Given that 𝐷 and 𝐸 are the midpoints of line segments 𝐴𝐵 and 𝐴𝐶, respectively, 𝐴𝐷 equals 32 centimeters, 𝐴𝐸 equals 19 centimeters, and 𝐷𝐸 equals 39 centimeters, find the perimeter of 𝐷𝐵𝐶𝐸.

We can begin by filling in the given length information on the figure of 32 centimeters for 𝐴𝐷, 19 centimeters for 𝐴𝐸, and 39 centimeters for 𝐷𝐸. We can also identify the information that 𝐷 and 𝐸 are midpoints of their respective line segments. So, 𝐸𝐶 also has a length of 19 centimeters, and 𝐷𝐵 has a length of 32 centimeters. We know that we need to work out the perimeter of this quadrilateral 𝐷𝐵𝐶𝐸. We’ve worked out three of these four sides, so we still need to work out the length of the line segment 𝐶𝐵. To do this, let’s use the triangle midsegment theorem.
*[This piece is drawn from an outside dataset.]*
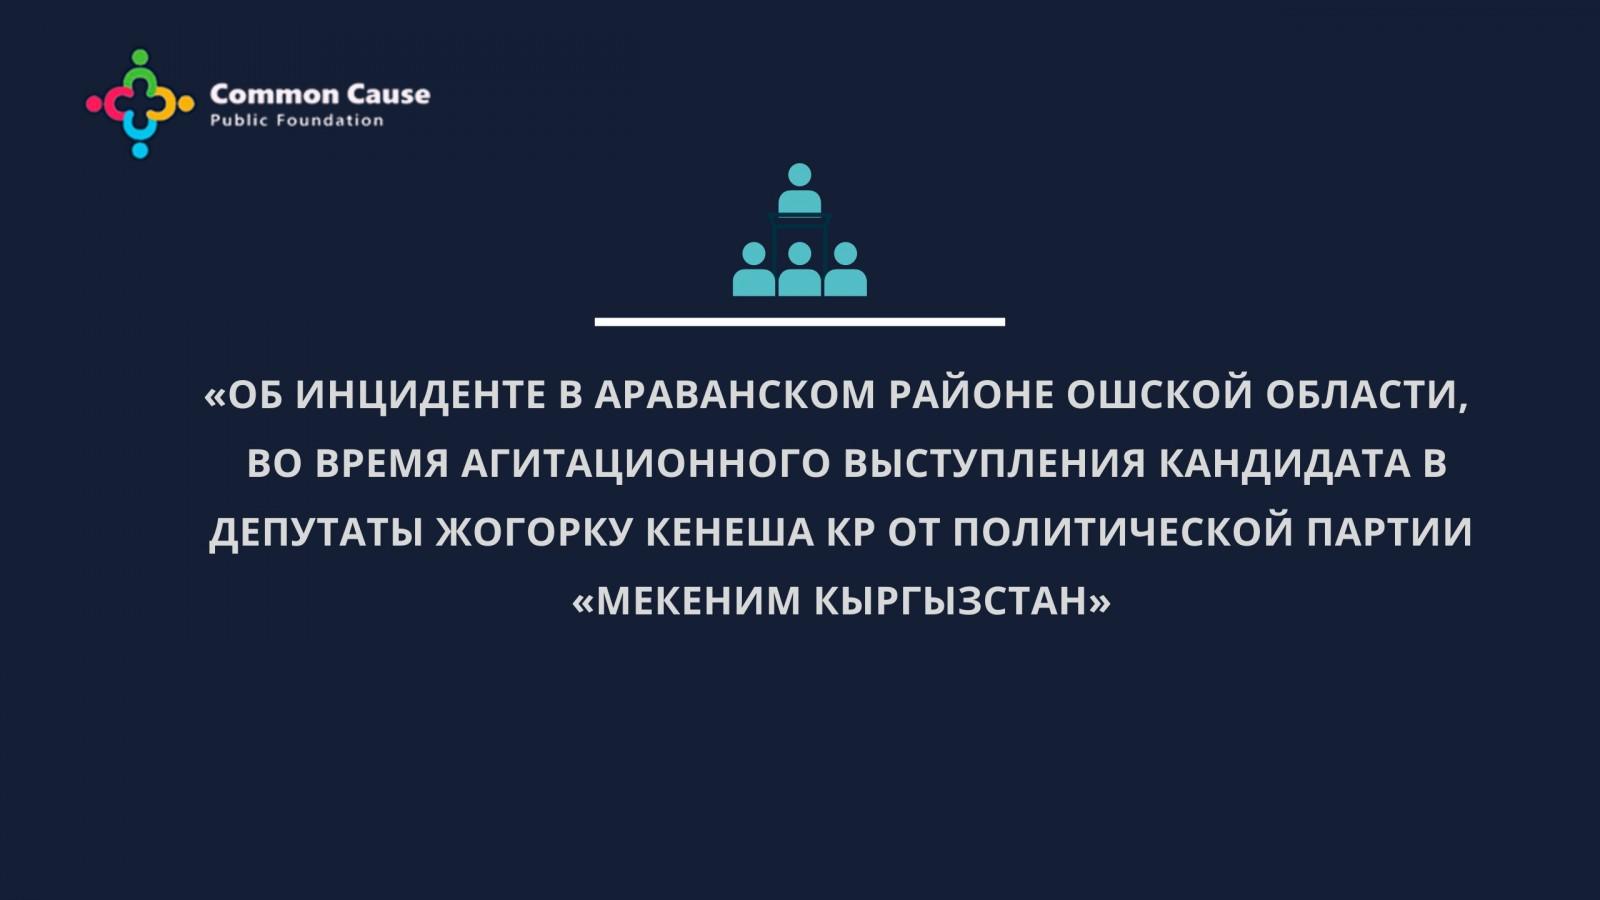 Об инциденте в Араванском районе Ошской области

This theorem states that the line segment connecting the midpoints of two sides of a triangle is parallel to the third side and is half its length. This means we can recognize that line segment 𝐶𝐵 must be parallel to line segment 𝐷𝐸, and we know something about the length of line segment 𝐶𝐵. Since 𝐷𝐸 is half the length of 𝐶𝐵, we can also write that 𝐶𝐵 equals two times 𝐷𝐸. We were given that 𝐷𝐸 is 39 centimeters, so doubling this, we can calculate that 𝐶𝐵 is 78 centimeters.
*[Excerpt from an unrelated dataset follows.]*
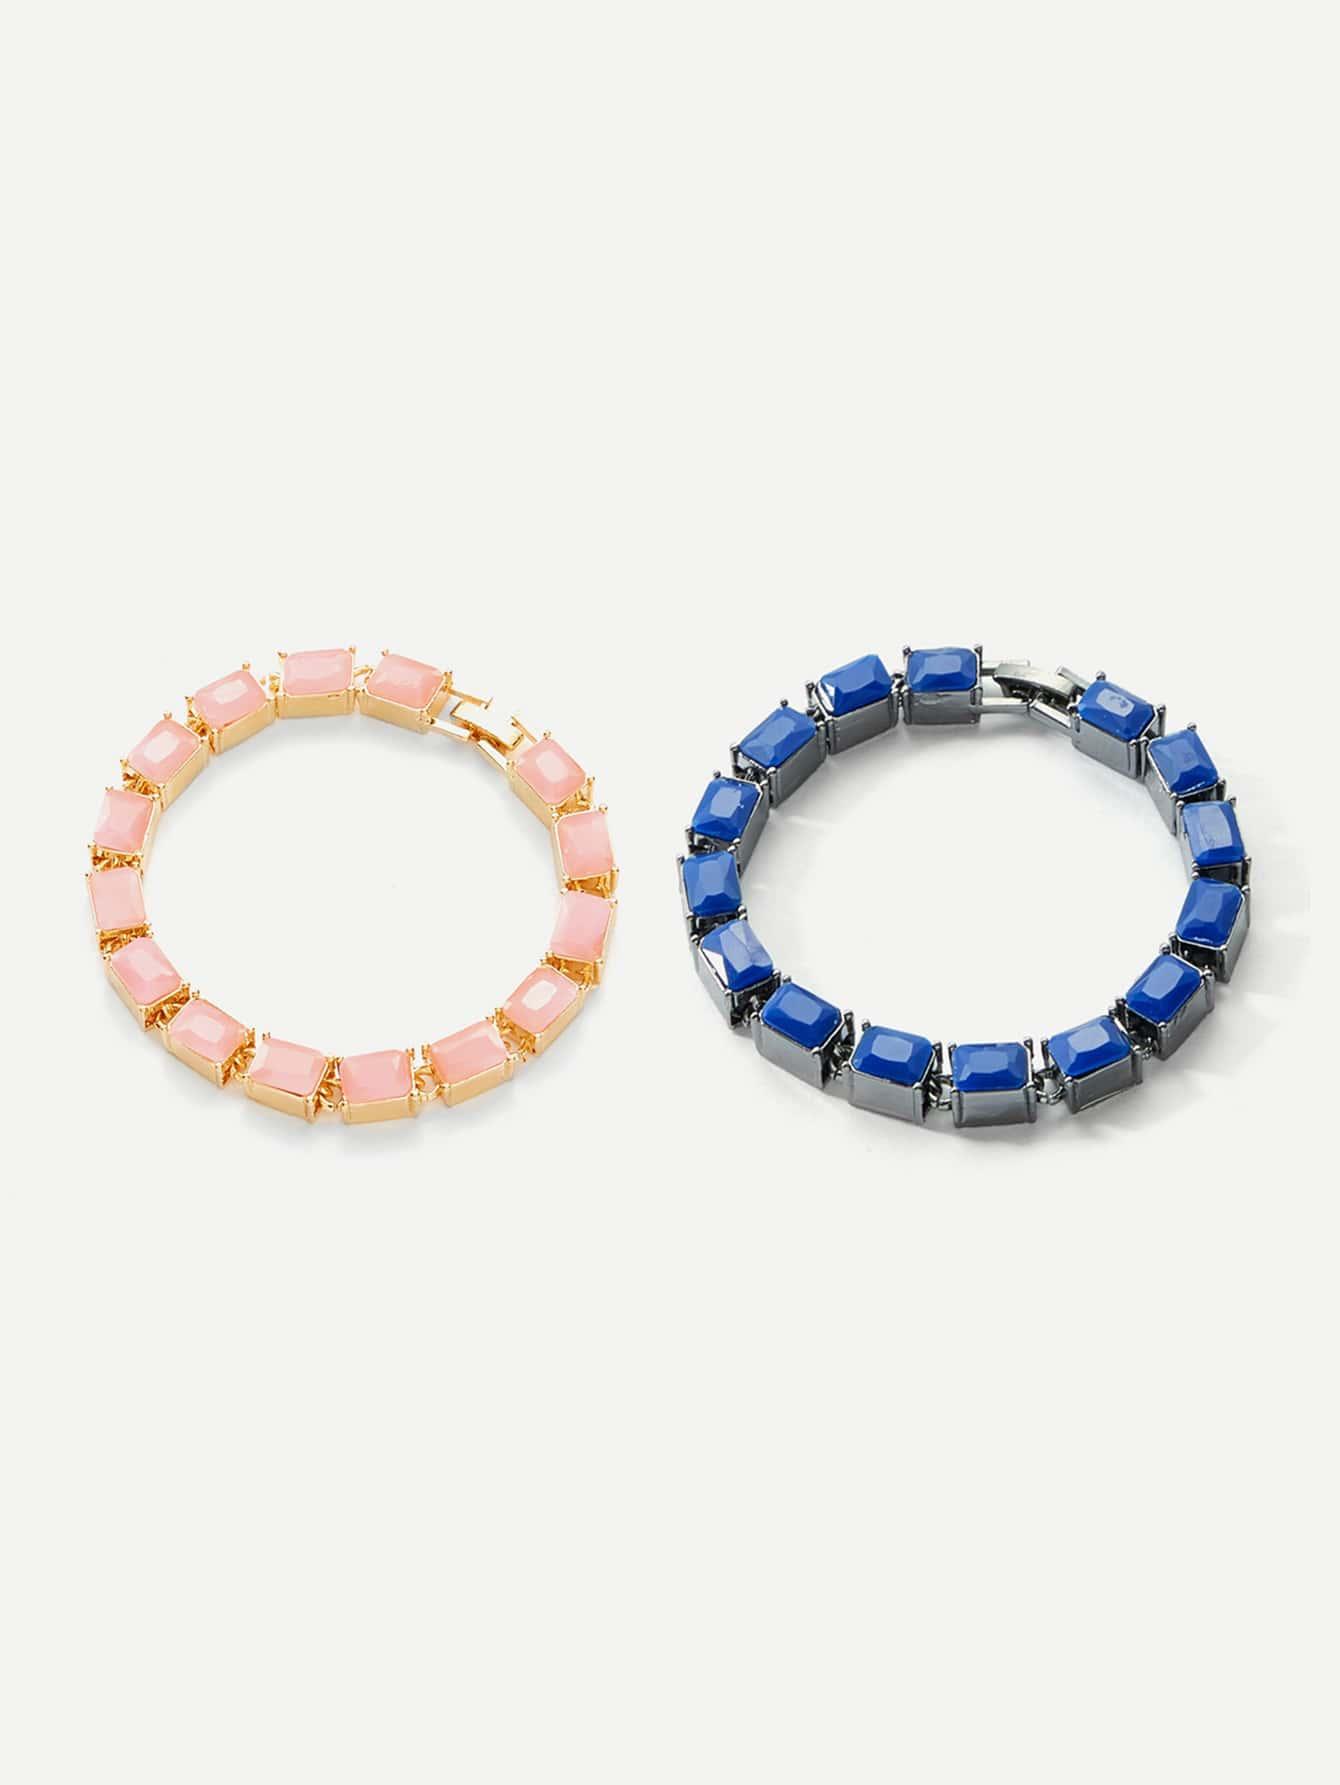 Gemstone Beaded Bracelet 2pcs dull polished mixed beaded bracelet

So, we now have enough information to calculate the perimeter of 𝐷𝐵𝐶𝐸. Recall that the perimeter is the distance around the outside edge of a shape. So that means we need to add the four lengths of 39, 32, 78, and 19 centimeters, which gives us the final answer that the perimeter of 𝐷𝐵𝐶𝐸 is 168 centimeters.